From the headwaters to Tennessee, the damage to farms, fields
and communities was unlike anything ever seen in the region;
no other natural disaster had claimed anywhere near the sixteen
lives lost in Watauga County alone.
Some bodies were never found; one was discovered twenty miles
downstream, and William Townsend, 68, was found lodged in
a cliff above the Watauga River near Elizabethton, Tennessee;
by some estimates more than fifty miles from where the waters
had first taken him.
In the Grandfather Community in the eastern part of the county,
virtually the entire colony was wiped out; from the Post Office
to the railroad the cut and eroded south slopes of Grandfather
Mountain and rampaging river destroyed most in its path.
The railroad was so badly damaged that the company decided
not to rebuild.
Farther downstream, the first electric power plant in the
county at Shulls Mill was also virtually demolished.
Farm and crop damage was estimated in the hundreds of thousands
of dollars, a massive hit for the main income producer - agriculture
- near the harvest time.
Highway 421 to Wilkesboro was cut in two and closed.
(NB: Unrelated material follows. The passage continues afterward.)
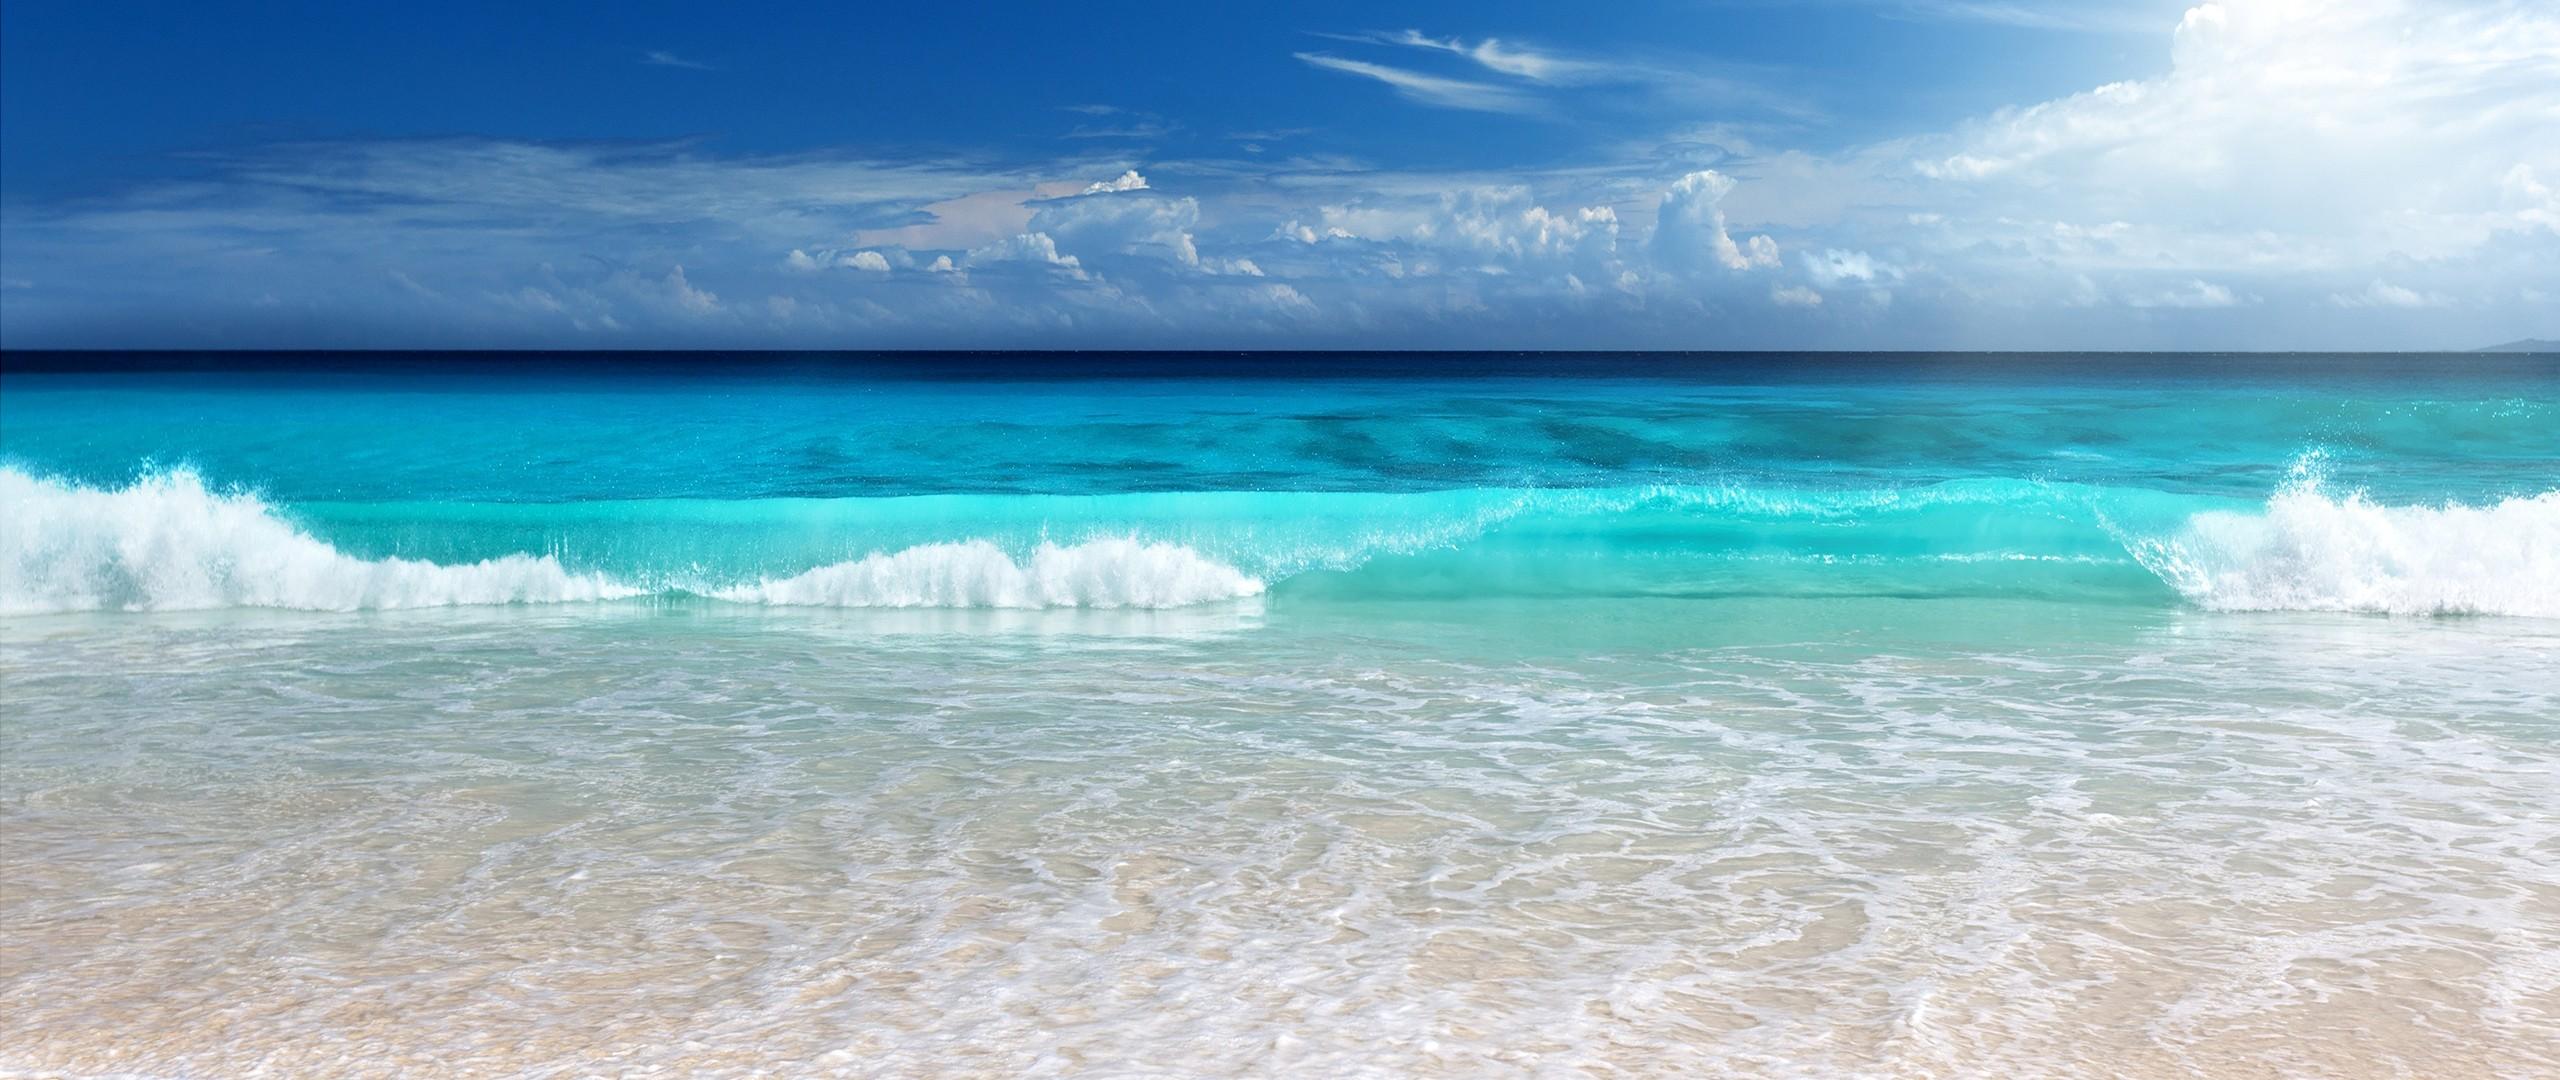 Wallpaper Sea Nature Shore Photography Beach Coast Horizon 2560x1080 Ultra

More than thirty homes were destroyed and countless other
structures damaged.
But it was in and around Deep Gap, where the mountainsides
loosed tons of soil and debris that Watauga County residents
suffered the worst.
Andrew Greene felt his home torn loose and turned over at
least three times before coming to rest, and coming completely
apart.
Greene survived, holding to a metal bed post for the night.
So too did his wife Eliza and son Hooper, 19, who caught on
to a bush a ¼ mile downstream and hung on for his life.
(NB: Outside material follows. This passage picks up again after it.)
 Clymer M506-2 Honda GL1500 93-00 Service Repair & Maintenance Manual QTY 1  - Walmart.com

He watched from there as one of his three sisters, Velma Lea,
14, was washed past him, screamed one last time, and was gone.
Sister Creola, 16, also drowned.
As did the youngest girl, Vernita, only twelve years old.
The girls were buried together in a mound.
The last child, B.L., remembered nothing from the demolition
of the house, and woke up to find himself trapped in a drift
of logs, mud, and debris, barely scratched.
He piled some wood over him to keep out the rain, laid his
head back down, and went to sleep again.
The next morning he pulled himself out, and went home to find
it gone, his family scattered, and sisters dead.